Playing detective – How counting records helped to identify the culprit
This is the time of year which lends itself to a bit of story telling – so here is a little detective story!
The crime scene
A while ago we noticed an issue in AIF where entries couldn’t be processed properly and the error was of such a nature that it wasn’t even logged. The affected records were just not processed. After some digging, a colleague was able to determine that this was due to a date-field which was actually empty (instead of initial). When the data was supposed to be put into XML-format for further processing this didn’t work due to the unexpected content and format of the date-field.
So, we knew why the processing stopped cold.
What we didn’t know was what actually caused the date-field to be badly formatted in some cases.

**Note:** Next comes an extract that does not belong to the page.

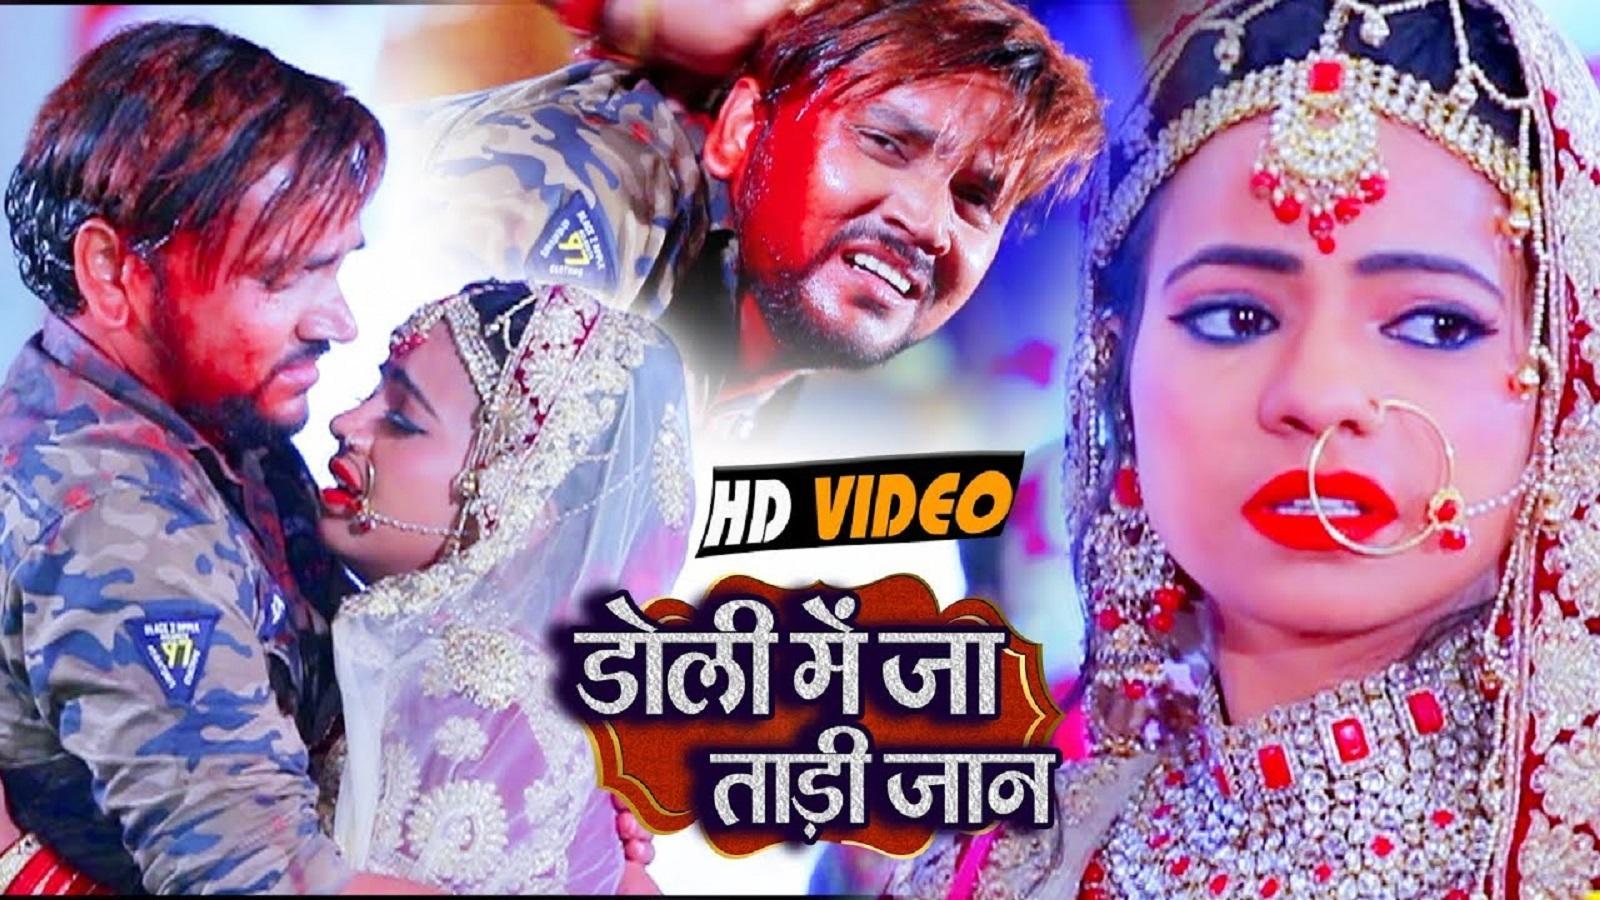 New Bhojpuri Sad Song Video 2020: Gunjan Singh's Latest Bhojpuri Gana HD Video  Song 'Doli Me Ja Tari Jaan'

Trying to find the actual culprit
There was no easy means to trace back what the common denominator of the affected entries was (or if there even was one!), we only knew that it was somehow related to sales-orders and that the date-field in question was a custom field residing in the append structure of VBAK. Some entries were known to have the issue while many others didn’t. And many which did have spaces in the date-field were not relevant for the AIF-processing so were basically “flying under the radar”.
I then remembered that we had a little program which might – if we were lucky! – help to at least narrow down where the affected entries were coming from. The program doesn’t do much, it just counts how many entries exist in a table for a combination of two fields. If the table contains a field named “ERDAT”, the selection can also be restricted by a date-range (yes, this could be improved to allow other fieldnames!). So, it’s ideally suited to look for the “odd man out”, namely combinations where the counts are “through the roof” or look suspicious for other reasons for a combination of two table-fields. Here is how the selection might look like:
You just get back a simple ALV-display (this is from DEV, so not a meaninful sample):
But, doing this in the affected production system(s) and for different fields in combination with the field of interest helped us to narrow down the particular incoming process and interface relying on some BAPI-processing where – as it turned out upon further digging – the way the BAPI-extension structure was filled was the underlying root-cause of the issue.
Not more than circumstantial evidence (but still helpful!)
And to state the obvious: correlation doesn’t mean causation – so, this trick cannot do more than point in the hopefully right direction by at least identifying the most likely haystack in which to look for the proverbial needle. The neat thing is, that the program can be let lose even on very large tables like CDHDR and CDPOS if – and it’s a big IF! – you are on a HANA-DB. Before we had moved to HANA-DB, the likelihood of getting a TIME_OUT for large tables was very high. With HANA, the program churns out the numbers in (almost) no time.
Some technical details
- Fields for the COUNT-statement must be character-based (CHAR, NUMC, DATS or CUKY)
- Our program just takes two fields into consideration
- Datatype is checked against table DD03L
Code to build the dynamic SELECT-statement based on the selection-screen input:
APPEND: p_feld1 TO t_felder, p_feld2 TO t_felder. MOVE t_felder TO t_group. APPEND 'count(*)' TO t_felder. IF NOT p_erd IS INITIAL. MOVE 'erdat in s_erd' TO cond. ELSE. CLEAR cond. ENDIF.
Code for the COUNT-statement and to fill the output-table:
SELECT (t_felder) FROM (p_tab) INTO (<fs_feld1>, <fs_feld2>, anzahl) WHERE (cond) GROUP BY (t_group). gs_out-field1 = <fs_feld1>. gs_out-field2 = <fs_feld2>. write anzahl TO gs_out-count LEFT-JUSTIFIED. ADD anzahl TO gv_cnt_out. APPEND gs_out TO gt_out. CLEAR gs_out. ENDSELECT.
Do you have any comparable little tool-programs which can help in cases like this?